L’expo « Tous vivants, tous différents », pour tout savoir sur la biodiversité

Tous vivants, Tous différents_Tigre

L’espace des Sciences accueille environ 15 000 visiteurs par mois. L’exposition « Tous vivants, tous différents », sur la biodiversité est installée dans la Salle de la Terre. Rencontre avec Christelle Massol, Chargée des Expositions et des Médiations.

Nous avons rendez-vous à l’accueil de l’Espace des Sciences, dans le grand hall des Champs Libres. Les escaliers qui nous mènent à la Salle de la Terre, sont eux même une partie de l’exposition : sur le mur, une fresque de chimères colorées retient l’attention. Les vaches-girafes, oiseaux-plantes et poivrons-fleurs « sont là pour interpeller le visiteur, pour qu’il se demande si ce genre de créatures peut exister. Il va se poser des questions sur les différentes espèces vivantes ». C’est dans une alcôve de la salle d’exposition que nous aurons notre entretien. On entend les bruits discrets d’une animation qui a lieu un peu plus loin.

« L’homme doit seulement découvrir qu’il est solidaire de tout le reste »

Théodore Monod. Phrase lisible à l’entrée de la salle de la Terre.

L’exposition « Tous vivants, tous différents », c’est quoi ?

« Tous vivants, tous différents » est une exposition sur la biodiversité créée en 2012. Elle est ce qu’on appelle semi-permanente. C’est-à-dire qu’elle va rester installée entre 8 et 10 ans.

L’exposition est construite en 3 parties :

  • La diversité du vivant.

Cette partie est constituée de 8 manipulations qui mettent les sens en éveil. On peut toucher la fourrure, la peau ou les plumes d’un animal pour deviner son espèce. On entend des cris d’animaux, on sent le parfum du clou de girofle ou de la mousse de chêne.

  • La biodiversité est faite d’espèces.

Elle explique les questions de base sur les espèces : leur évolution, leur survie, l’équilibre des écosystèmes, la disparition de certaines espèces. Une vingtaine de jeux multimédia ou manuels sont répartis à travers la salle pour aider à comprendre ces notions.

Tous vivants, Tous différents_GrandeSalle

  • Préserver la biodiversité.

On peut écouter « les témoignages de scientifiques ou de « héros » sur la sauvegarde de la biodiversité et tester ses connaissances grâce à un quiz. » Cette partie concerne notre relation à la nature, aux différentes espèces dans notre quotidien.

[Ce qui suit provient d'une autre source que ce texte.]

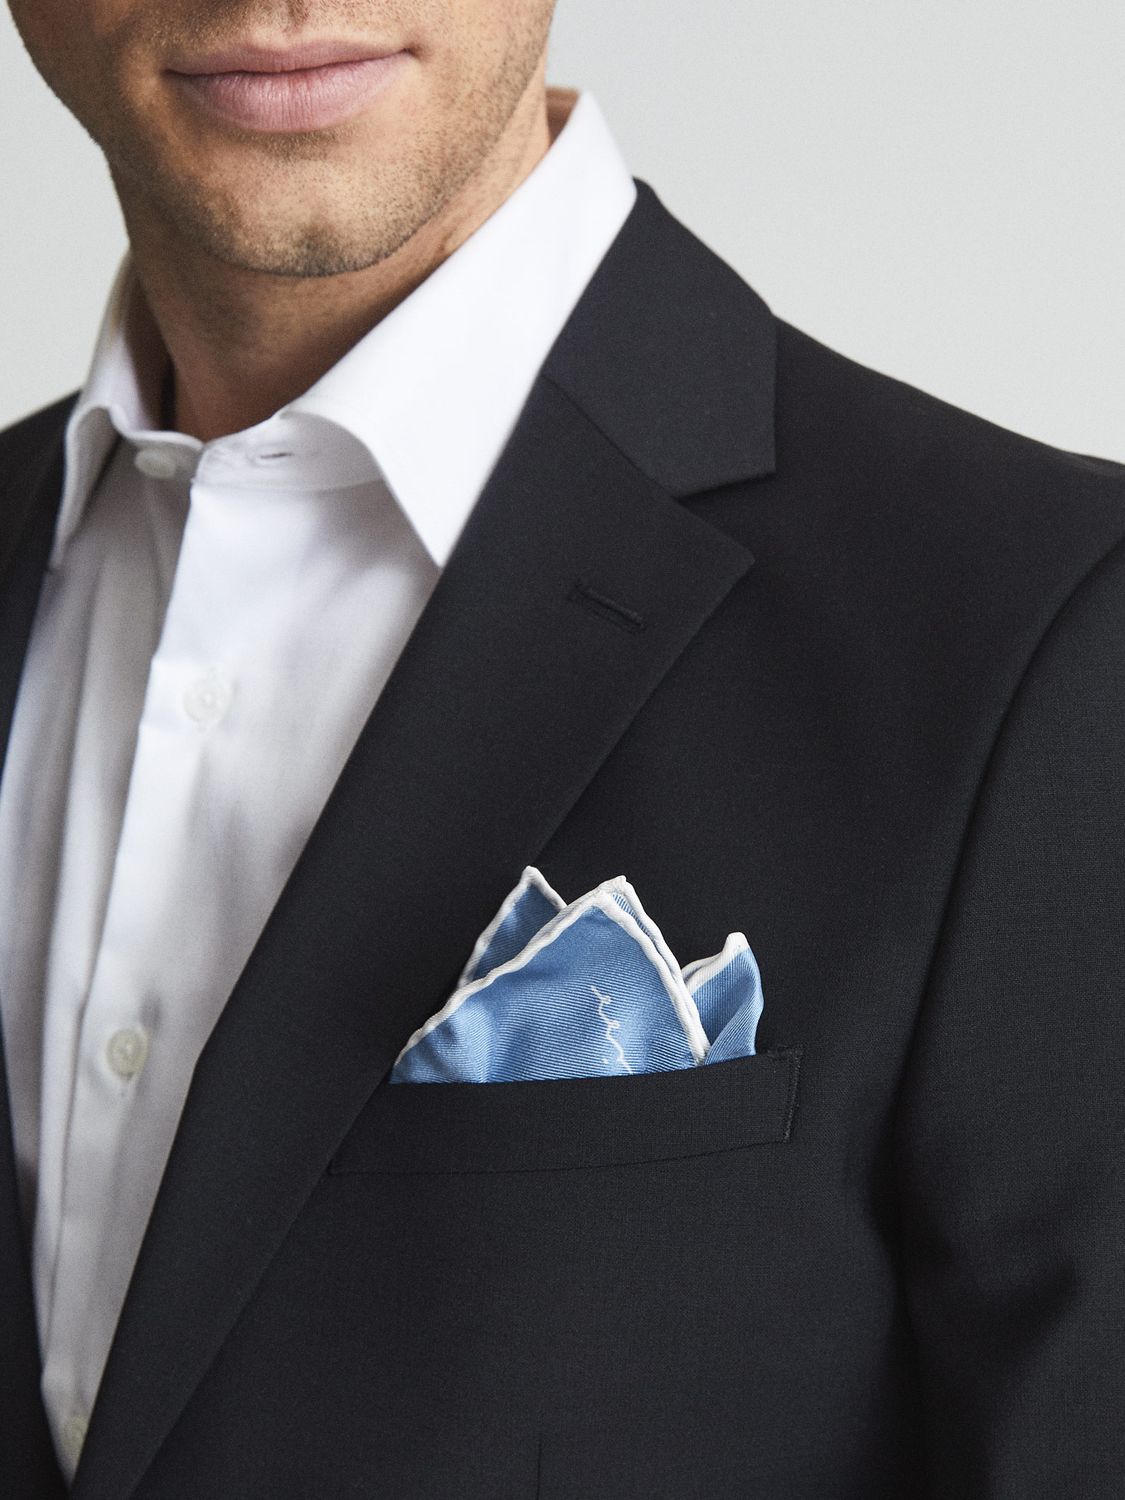 Reiss Ceremony Silk Pocket Square, Airforce Blue at John Lewis & Partners

De plus, dans la Salle de la Terre, il y a toujours un animateur, « il est la pour enrichir l’exposition et répondre aux questions du public. ». L’exposition est accessible dès 6 ans.

Lors de la visite que j’ai faite avant de rencontrer Christelle Massol, adultes comme enfants se prêtaient au jeu des manipulations !

Pourquoi avoir choisi le thème de la biodiversité ?

« L’exposition semi-permanente précédente était sur la géologie du massif Armoricain, nous voulions passer au vivant, à la biologie ». L’Espace des Sciences a choisi la biodiversité car c’est un thème de notre quotidien, mais on ne sait plus vraiment ce que ça veut dire. « Il y a une visée pédagogique ». De plus, 2012 a vu la création de plusieurs expositions sur la biodiversité (Musées à Paris, Bruxelles, Océanopolis).

« Nous avons pris des idées partout, pour construire notre propre exposition ».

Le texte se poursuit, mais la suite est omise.